The Federal Aviation Administration is looking into several errors made by air traffic controllers at the Memphis Air Route Traffic Control Center (ZME), including six incidents in one week where aircraft were allowed to get too close together.

In one day, August 14, a King Air and and ExecJet corporate plane were allowed to come within 3.6 miles of each other during final approach at Nashville International airport. Later on, an American Airlines MD-80 came within 2.5 miles of a commuter jet flying at 600 feet above it at Memphis International Airport.

FAA spokesperson Laura Brown said the errors were "not what we would call the highest-severity category errors. On an A, B, C scale, they were C-level errors."

Controllers blame all the errors to short staffing, as well as radio static interfering with communication and just plain miscommunication, according to the Memphis Commercial Appeal.

"We have never had this many mistakes at one time in Memphis," said Ron Carpenter, head of the National Air Traffic Controllers Association. "What caused a lot of this, in my opinion, is that we are working so short right now."

"We believe we are 101 controllers short of the journeyman controllers we were allotted," he added. That means a shift that is supposed to be staffed by 13 to 14 journeyman controllers now has eight or nine, according to Carpenter.

Two of the six errors made in a week's time were made by trainees while being monitored by senior controllers.

The Memphis center will add 15 more controllers this October to augment the current 63 trainees there currently. Even though they are not fully certified as controllers, they are qualified to work the positions where they have been trained, Brown said.

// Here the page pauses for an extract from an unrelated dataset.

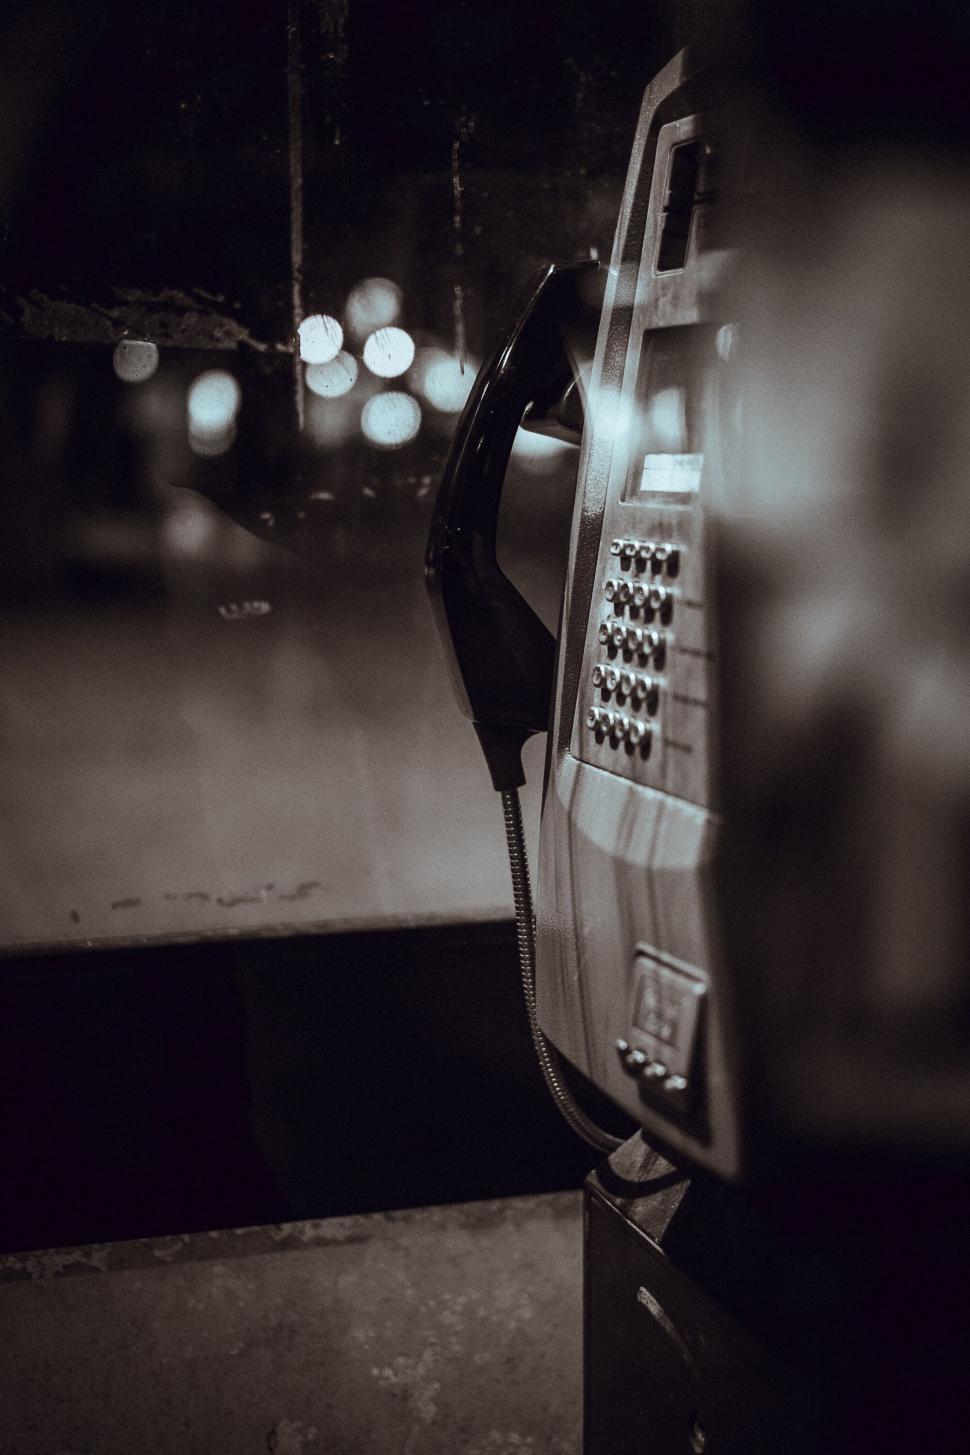 Free Image of Vintage payphone in a dark surrounding

"They become part of staffing even though they are not fully certified. It does not mean they are not functional in some respect," she said.

The FAA says it hired 1,100 new controllers in 2006, and will hire 1,400 this year.

According to the new FAA staffing plan for the next 10 years, the range of allotted controllers at the Memphis center is 244-298. Brown said these new ratios were agreed upon by controllers during negotiations, and should help accurately reflect actual workloads and lead to more precise staffing.

NATCA responds that in the past, most areas were staffed on a daytime shift with 13-14 veteran controllers. If there were not that many controllers on duty, overtime was called in and leave for personal or vacation time was prohibited. The union says now, most shifts are beginning with 8-9 controllers who are still tasked with training duties.

At the beginning of the summer vacation period, overtime was scheduled and controllers were working six-day weeks. This overtime was used to cover training new controllers along with training veteran controllers on a new procedure. Fatigue set in, but "at least the coverage was there for the shifts," Carpenter said.

However, he added, "during the week of August 5th, scheduled overtime was cancelled. Those same controllers are now forced to work with less people and sectors combined. Combining sectors means the controller is working twice the airspace they normally would be responsible to control."

On the morning of August 18, Carpenter said, there were five people scheduled to start the day in Area 6, with a total of 8 certified controllers by the end of the day. "In the past," Carpenter said, "if there were not 11-12 controllers starting the day, overtime was called. In this case, management refused."